Chief Justice John Roberts on Tuesday confirmed that the draft opinion—written by Justice Samuel Alito in a case over a Mississippi abortion law—is authentic, though it did not represent a final position of any member on the case. He said the Marshal of the Court would launch an investigation into the source of the leak.

“This was a singular and egregious breach of trust that is an affront to the community of public servants who work here,” Roberts said.

Court watchers cite former Justice Antonin Scalia’s words of warning to his clerks as an example of how important confidentiality is as part of the job.

“If I ever discover that you have betrayed the confidences of what goes on in these chambers, I will do everything in my power to ruin your career,” Scalia told clerks, Ian Samuel, a former Indiana University law school faculty member, said in a 2018 interview.

Shapiro said Chief Justice William Rehnquist spoke to her class of clerks at the beginning of the term about the need to maintain confidentiality. Clerks were instructed to put draft court opinions in “burn bags” so they could be destroyed, Shapiro said.

“Clerks have a lot of loyalty to the institution. They have concerns for their own careers, but they also have a lot of loyalty to their own justices,” Shapiro said. “And to the extent doing something like this would embarrass your own justice, that would be an enormous deterrent as well.”

Discretion and Trust

Some former clerks have suggested that a justice is more likely to have leaked the opinion, given the risk involved.

“I would not be at all surprised if it turns out the leaker was themselves a justice or was instructed or encouraged to leak by a justice,” Shapiro said.

Amy Kapczynski, a Yale Law School professor who clerked for former Justices Sandra Day O’Connor and Stephen Breyer, tweeted that she initially thought a clerk for a liberal justice leaked the document, but then reconsidered—in part, because they would be risking too much.

“The kinds of liberal students who end up at the Court are not an activist bunch,” Kapczynski wrote. “They are enormously risk averse and rule-abiding. Hard to see one of them blows their career out of the water in this way (for what benefit?).”

Senate Minority Leader Mitch McConnell called the leak “another escalation in the radical left’s ongoing campaign to bully and intimidate federal judges.” He also suggested that the leaker could face criminal charges.

But the history of punishments for Supreme Court leaks has been spotty and inconsistent, said Jonathan Peters, an associate professor of journalism at the University of Georgia who studied the brief history of leaks.

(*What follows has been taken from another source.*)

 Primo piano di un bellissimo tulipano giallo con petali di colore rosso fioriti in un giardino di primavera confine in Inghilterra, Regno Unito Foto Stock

Supreme Court Clerk Larry Hammond turned himself in to Justice Lewis Powell after Time Magazine published an early account of the 1973 Roe v. Wade ruling. Hammond had shared the information “on background” with the magazine, which agreed it would wait to run the information until the opinion was printed. That deal was bungled by a delay in the court’s printing operation that day, Peters said.

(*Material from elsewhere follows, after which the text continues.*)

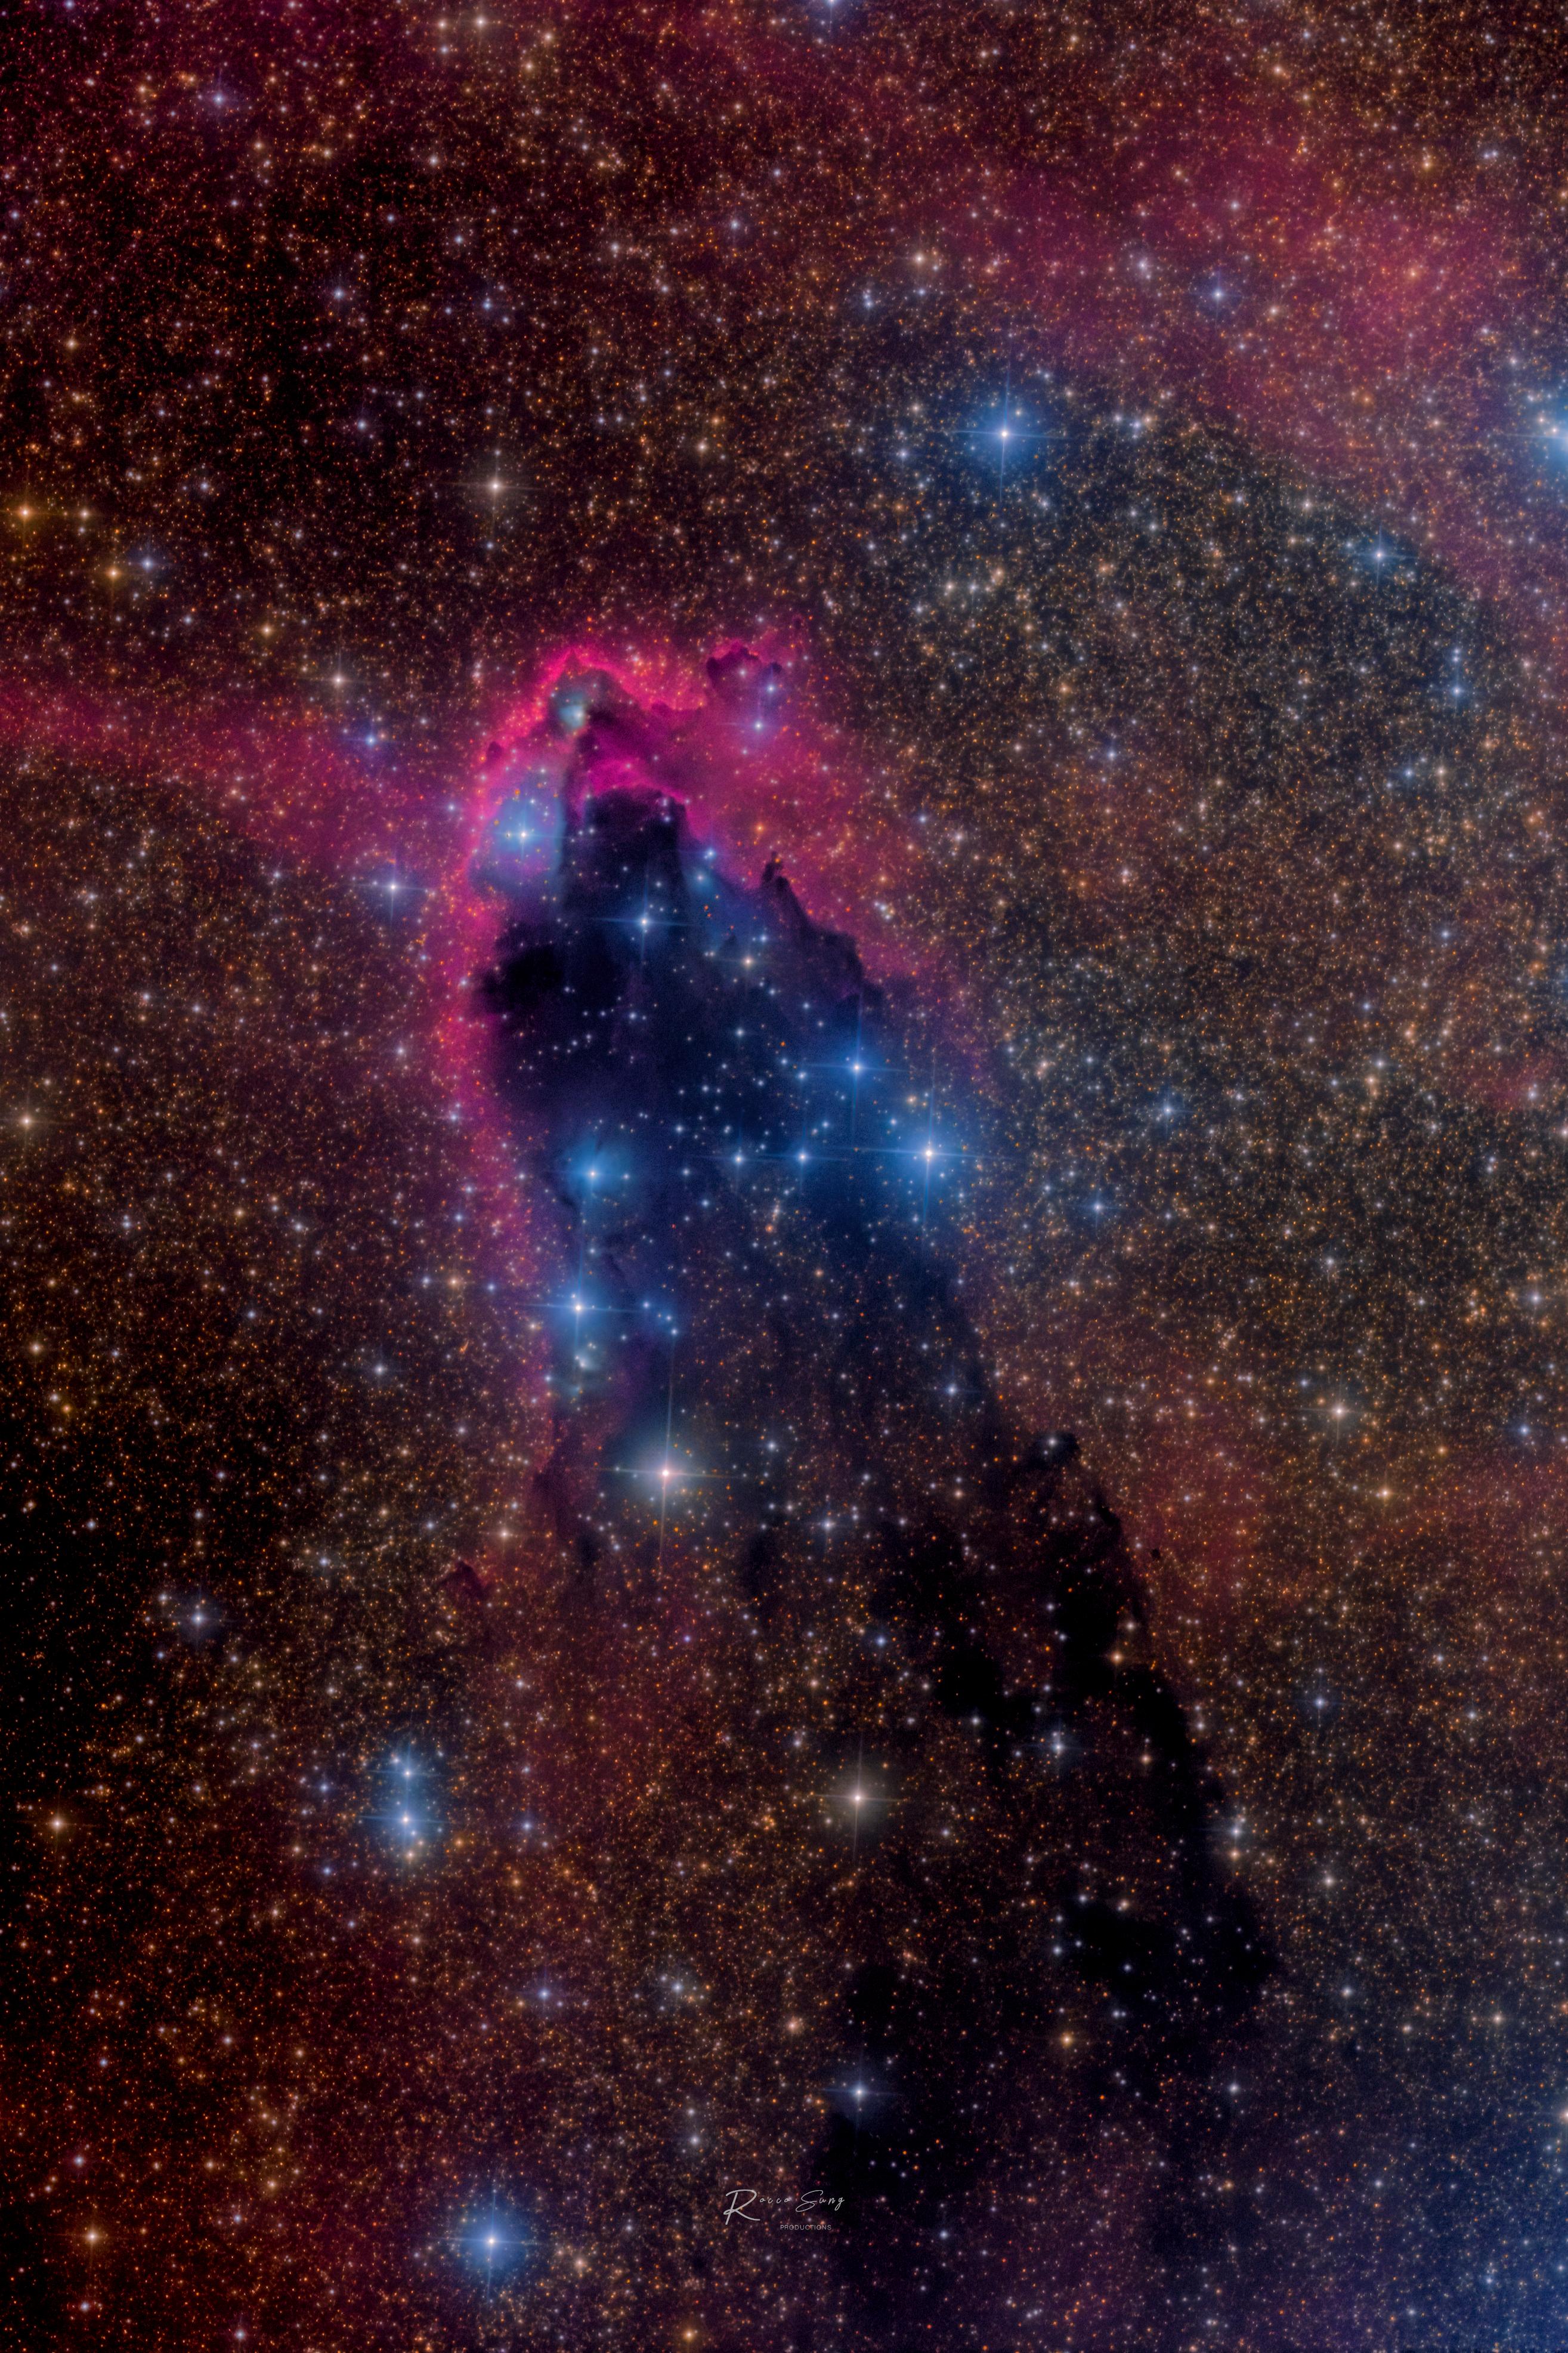 صورة مزدانة بالنجوم للفضاء العميق يظهر في وسطها امتداد داكن فيه نجوم زرقاء يحاذيها من الأعلى غازات ذات وهج محمرّ.

Hammond offered to resign, but was rejected.

Still, Chief Justice Warren Burger created the “20-second rule,” saying any clerk caught talking to a reporter would be fired in 20 seconds.

The court has since established a formal code of conduct for clerks, Peters said.

“Fifty years ago punishment was inconsistent and spotty,” he said, “but one reason is we didn’t have all these policies in place that we do now.”